Bayangkan bila Agus Mulyadi merupakan seorang manusia yang tidak bisa berbahasa
Jawa. Agus terkunci dalam ruangan yang penuh dengan kardus berisi aksara Jawa dan
buku pedoman tentang aksara apa yang perlu digunakan untuk merespon kalimat
Jawa tertentu.
Seorang
penutur Jawa kuna lalu memberi secarik kertas yang berisi kalimat Jawa arkais
ke dalam ruangan. Dengan menggunakan buku panduan, Agus lalu berpikir bagaimana
cara untuk menjawab kalimat yang baru saja dia terima. Agus lalu menempatkan
aksara-aksara Jawa tertentu yang dia ikuti dari buku pedoman, lalu
mengembalikan kembali secarik kertas tersebut kepada penutur Jawa kuna di luar
ruangan.
Agus
sama sekali tidak mengerti apa yang ia baca dan apa yang ia tulis sebagai jawaban.

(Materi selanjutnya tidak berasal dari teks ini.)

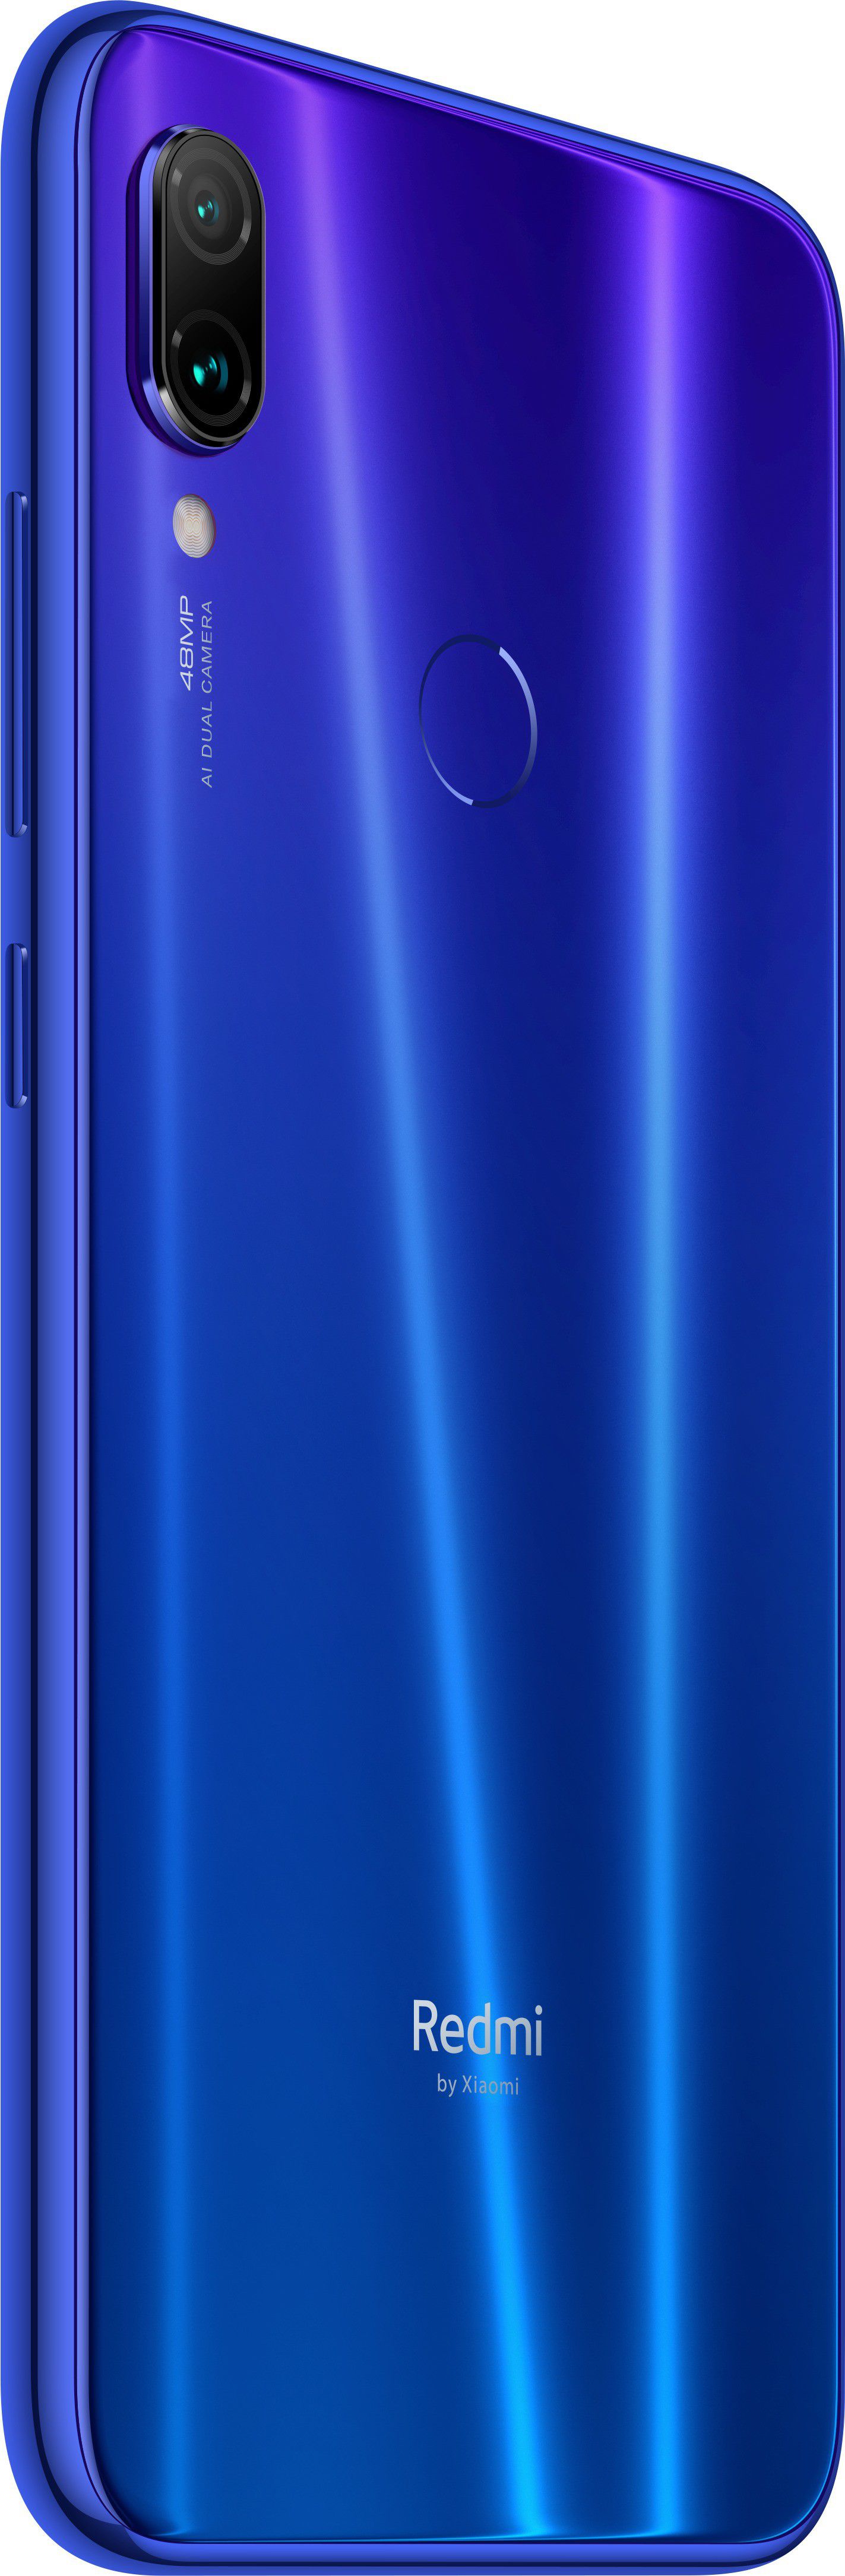 MI Note 7 Pro (6GB RAM) ( 128GB , 6 GB ) Blue Mobile

Tapi karena Agus sangat giat mengikuti buku panduan aksara Jawa kuno itu, si
penutur Jawa di luar ruangan lalu percaya bahwa Agus dapat berbahasa Jawa. Agus
Mulyadi memang lolos Tes Turing versi Jawa arkais. Tapi apakah Agus mengerti
bahasa Jawa? Tentu saja tidak. Agus hanya tahu cara memanipulasi simbol tanpa
memahami makna dari simbol tersebut.
Selanjutnya
kata John Searle, fakta bahwa mesin dapat menipu seseorang tidak berarti mesin
itu adalah kecerdasan artifisial yang kuat. Mesin itu hanya mengerti cara
memanipulasi simbol—yang sama sekali tidak ia mengerti artinya—sebagai respon
dari input yang diterima. Searle berkata, bahwa Strong AI haruslah mesin yang punya pemahaman yang benar-benar
nyata. Dan menurut Searle, mesin seperti itu adalah hal yang mustahil—itu
merupakan kemampuan yang tak akan pernah mampu dicapai komputer.